El sonido monótono del monitor cardíaco acompañaba el ritmo de su respiración, llenando el silencio de la habitación. Dania trató de incorporarse, pero un leve mareo la hizo recostarse de nuevo. Fue entonces cuando notó la presencia de una figura en la sala, una persona vestida con una bata blanca que se acercaba con una sonrisa profesional.
— Hola, Dania. Soy el Dr. Hernández. ¿Cómo te sientes? — preguntó con una voz suave y calmada.
Dania trató de hablar, pero su garganta estaba seca. Apenas logró emitir un sonido ronco mientras intentaba recordar cómo había llegado allí. La última imagen en su mente era la de Katy sosteniéndola antes de que todo se volviera negro.

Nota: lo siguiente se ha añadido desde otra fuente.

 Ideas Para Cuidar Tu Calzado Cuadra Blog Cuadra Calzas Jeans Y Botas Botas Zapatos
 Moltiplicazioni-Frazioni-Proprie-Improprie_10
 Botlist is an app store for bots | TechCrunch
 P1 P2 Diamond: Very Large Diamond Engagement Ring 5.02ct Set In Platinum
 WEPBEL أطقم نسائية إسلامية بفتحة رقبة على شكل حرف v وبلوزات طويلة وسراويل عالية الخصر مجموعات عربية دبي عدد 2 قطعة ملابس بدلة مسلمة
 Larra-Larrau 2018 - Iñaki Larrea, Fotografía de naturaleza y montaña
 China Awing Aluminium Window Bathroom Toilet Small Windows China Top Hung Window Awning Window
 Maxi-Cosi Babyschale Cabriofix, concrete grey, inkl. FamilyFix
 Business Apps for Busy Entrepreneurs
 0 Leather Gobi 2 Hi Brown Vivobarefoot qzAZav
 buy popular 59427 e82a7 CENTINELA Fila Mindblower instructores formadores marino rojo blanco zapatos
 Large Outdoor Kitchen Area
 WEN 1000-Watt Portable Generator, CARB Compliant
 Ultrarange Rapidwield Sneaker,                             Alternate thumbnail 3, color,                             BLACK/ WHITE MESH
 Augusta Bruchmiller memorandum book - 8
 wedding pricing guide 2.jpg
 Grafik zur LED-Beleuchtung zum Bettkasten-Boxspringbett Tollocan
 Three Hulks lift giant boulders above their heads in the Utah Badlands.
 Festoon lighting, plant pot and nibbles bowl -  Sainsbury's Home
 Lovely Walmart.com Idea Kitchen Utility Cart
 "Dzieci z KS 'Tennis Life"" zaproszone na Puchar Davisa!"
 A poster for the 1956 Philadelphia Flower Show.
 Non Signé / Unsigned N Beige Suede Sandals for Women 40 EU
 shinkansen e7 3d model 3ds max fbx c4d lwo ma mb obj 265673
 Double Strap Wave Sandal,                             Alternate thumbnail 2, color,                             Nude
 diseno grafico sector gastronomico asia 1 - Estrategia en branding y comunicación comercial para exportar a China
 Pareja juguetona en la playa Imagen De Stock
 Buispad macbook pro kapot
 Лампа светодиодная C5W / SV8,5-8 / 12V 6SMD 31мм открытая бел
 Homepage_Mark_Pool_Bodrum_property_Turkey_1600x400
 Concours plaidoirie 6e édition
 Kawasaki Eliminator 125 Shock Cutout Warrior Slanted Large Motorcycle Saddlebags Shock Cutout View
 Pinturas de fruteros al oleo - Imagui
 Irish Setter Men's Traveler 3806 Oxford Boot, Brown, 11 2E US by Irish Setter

El doctor tomó asiento junto a ella y comenzó a hacerle algunas preguntas. — Dania, ¿has sentido náuseas últimamente? ¿Dolores de cabeza? ¿Cansancio extremo? — Dania asintió débilmente con la cabeza ante cada pregunta, tratando de encontrar las palabras.
— Sí, doctor, he estado sintiéndome muy cansada y con náuseas por las mañanas— respondió finalmente, con un hilo de voz.
El Dr. Hernández asintió, tomando nota en su libreta. — Gracias por compartir eso, Dania. Hemos realizado algunos exámenes y tengo una noticia importante para ti. La razón de tu desmayo y estos síntomas es porque estás embarazada de tres semanas.
Dania abrió los ojos con sorpresa, incapaz de procesar la información de inmediato. Una mezcla de emociones la invadió mientras trataba de asimilar lo que acababa de escuchar.